ÖZEL HABER / ERKUT TEZERDİ
İzlenme rekorları kıran ‘Muhteşem Yüzyıl’ın Behram Paşa’sı Adnan Koç, birçok dram yapımda rol aldı. Ama şimdi ilk defa bir korku filminde. Alper Mestçi imzalı ‘Siccin 3: Cürmü Aşk’ta, Büşra Ayaydın ile başrolde oynayan Koç, filmde aşkı uğruna değer verdiği her şeyi hiçe sayan, sıra dışı bir karakteri canlandırıyor. Büyük tutkusu kaderini belirliyor. Sinema eleştirmenlerinden olumlu notlar alan filmden için, Türkiye’de daha önce böyle bir konunun anlatılmadığını söyleyen Koç ile rolünü, filmi ve müsiki yaşamını konuştuk.
Bu filmde oynamaya nasıl karar verdiniz, senaryonun ilgi çeken yönü sizce nedir?
Öncelikle çok başarılı bir yönetmenin elinden çıkan bir korku serisinin üçüncü filmi olması filmde yer almama sebep oldu. Senaryoya gelince, Türkiye ve dünyada daha önce böyle bir konu kaleme alınmamıştı. Bu senaryoda benim ilgimi çeken, korku ve aşkın bu kadar çarpıcı anlatılması oldu.
Siccin 3: Cürmü Aşk filminin fragmanı
Rolünüze nasıl hazırlandınız ve size oyunculuk açısından neler kazandırdı?
Senaryoyu okuduktan sonra bizim inancımızda yer alan cin olgusunu temelde değerlendirdiğimde, inançlı bir insan olarak sadece bu rolü içselleştirmem yetiyordu. Dolayısıyla rolümü içselleştirmekte çok zorlanmadım. Bana kazandırdığı şey ise kendimi keşfetme noktasında ne kadar doğal olabileceğimi göstermesi oldu.
KLASİK SİNEMAYLA AYNI
Çekimler aşamasında bir zorlukla karşılaştınız mı?
Bir sinema filminde set önü ve arkasında her zaman zorluklar yaşanır. Öte yandan bir korku filmi olduğu için bazıları bu sorunun cevabını biraz daha farklı bekliyor olabilir. Ama klasik bir sinema filminde yaşanabilecek zorluklardan öte bir zorluk görmedim.
Türkiye’de korku türünü nasıl buluyorsunuz?

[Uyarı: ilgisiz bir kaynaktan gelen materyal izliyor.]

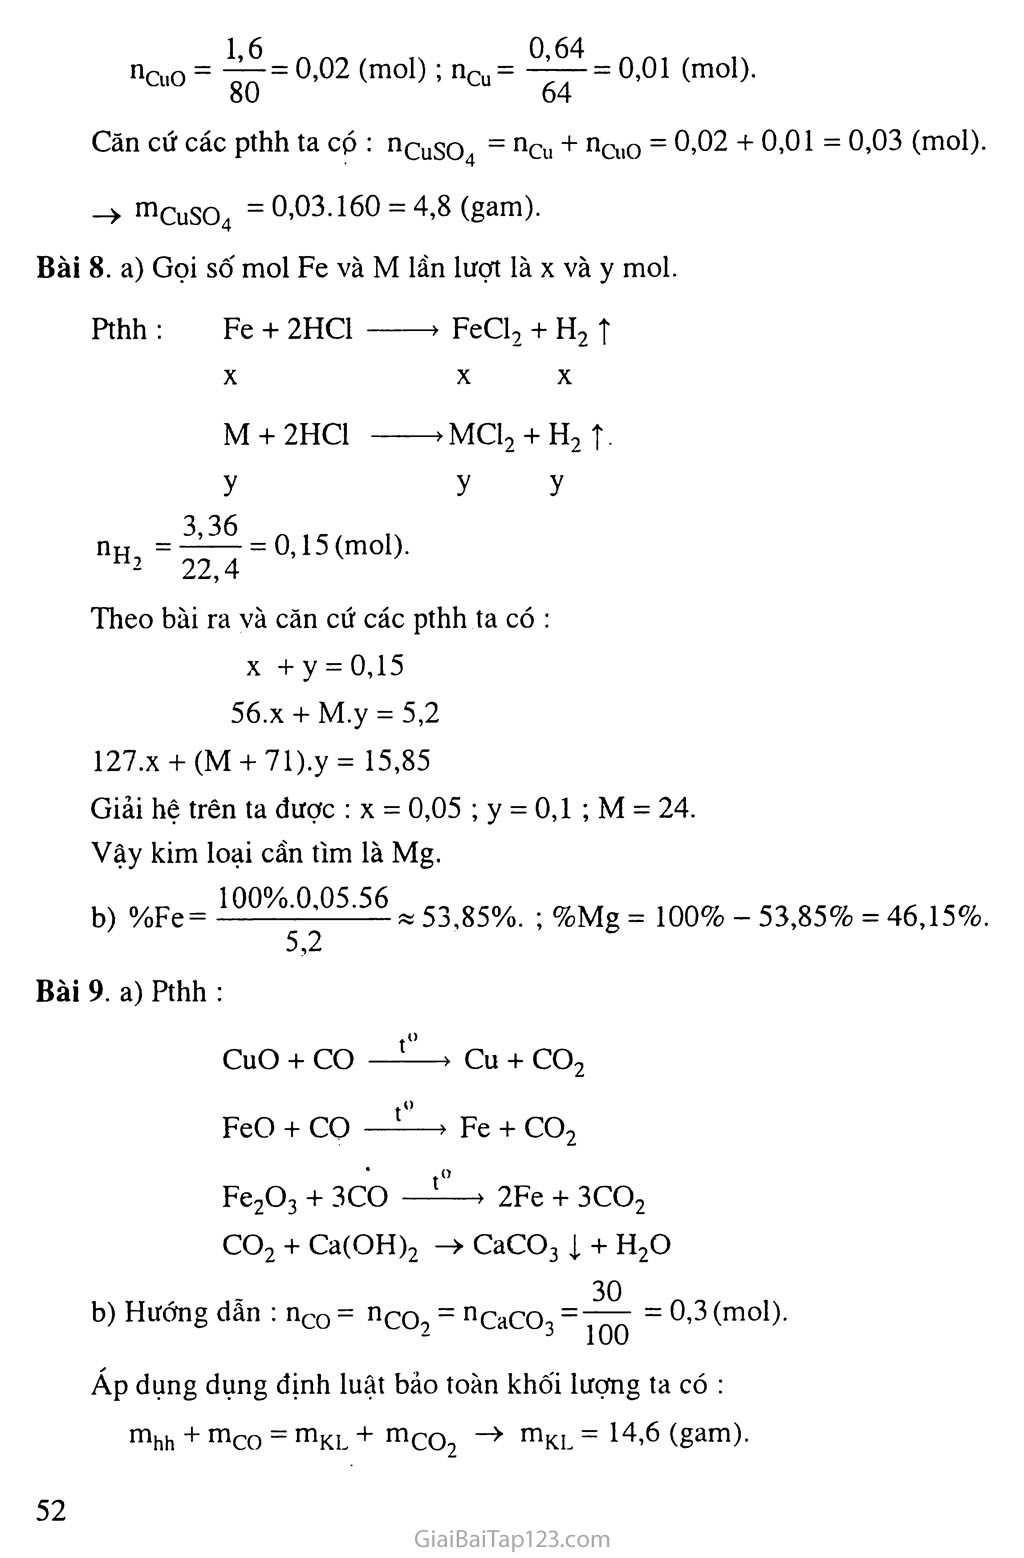 Bài 16: Tính chất hóa học của kim loại trang 6

Bence korku türünün sinema sektöründe en çok saygı duyulması gereken konusunu biz işliyoruz. Çünkü Hollywood ya da Avrupa yapımı korku filmlerinde genellikle vampir ya da kurt adam konusu işleniyor. Biz ise hem kültürümüzden dolayı hem de etkisinin yüksek olması bakımından cin konulu korku filmleri çekiyoruz. Bu nedenle Türk korku filmleri bu işin ehli olan yönetmen ve yapımcıların elinde olduğu sürece iyi bir yerde olup yükselmeye devam edecektir.

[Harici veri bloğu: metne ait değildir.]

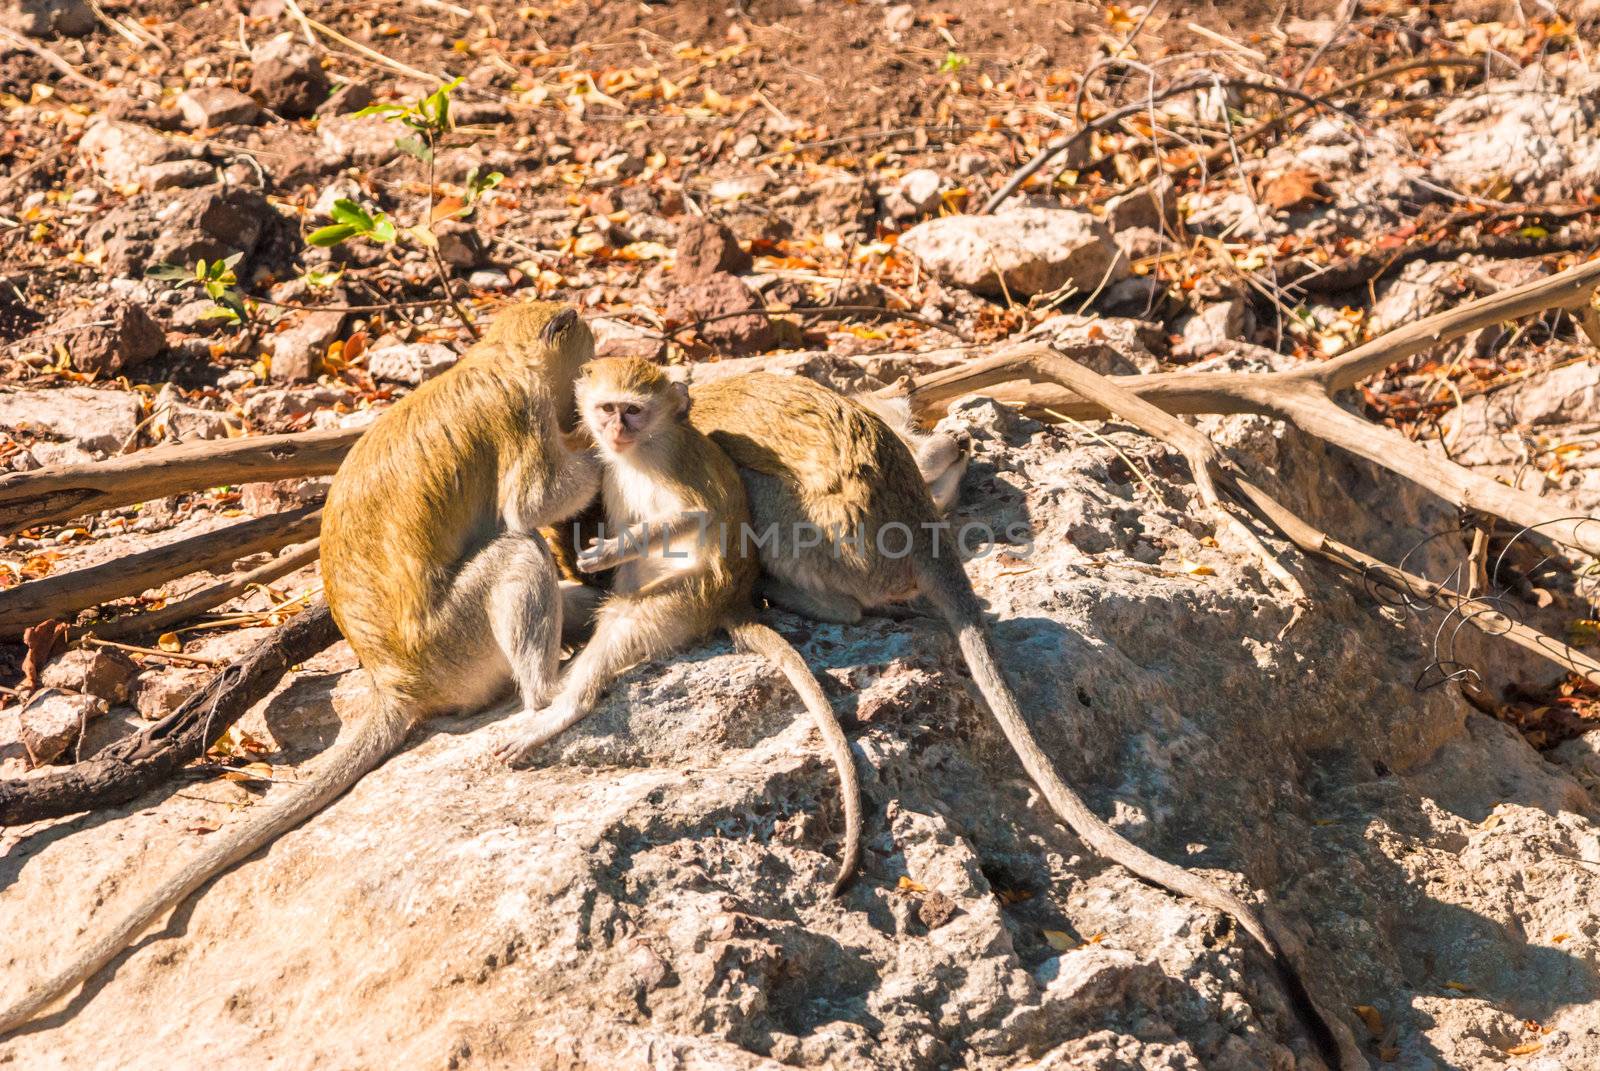 Vervet monkeys (Cercopithecus aethiops), Chobe National Park

‘MUSİKİ VE OYUNCULUK BİRBİRİNİ DESTEKLİYOR’
Sizin Türk Sanat Müziği geçmişiniz var. Peki oyunculuk veya müzisyenlik, hangisiyle daha önce tanıştınız? Ve iki sanat dalı birbirini etkiliyor mu?
Türk müziği geçmişim oyunculuk hayatımdan öncedir. Müzik konusunda Üsküdar Musiki Cemiyeti’nde eğitim aldığım dönemlerde bazı hocalardan teknik bilgi konusunda destek gördüm. Bugün ikinci albümümü yaptığım süre zarfında repertuarımı belirleyip, albüme adını veren şarkıda benimle düet yapmaya kadar desteğini esirgemeyen sanatçı İzel Çeliköz oldu. 2009’da yayınlanan ilk albümün adı ‘Ayrılık Ayları’ydı ve bu albümde Türk Sanat Müziği türünden parçalar var. Bu yıl yayınlanan ikinci albümüm ‘Merak Etme’ ise pop çalışmalardan oluşuyor. Yaptığım iki iş yıllar geçtikçe bana bir şeyler öğretip birbirlerini destekleyen alanlar haline dönüştü. Müzik ve sahne geçmişim oyunculukta ihtiyacım olan duygu geçişlerine ve kendimi ortaya koyma psikolojime çok fayda sağlamıştır. Oyunculuğumun da sahnede doğaçlama dilimi geliştirdiğini, bununla beraber popülerlik kazandırdığı için bu konuda bana karşı ilgiyi artırdığını söyleyebilirim.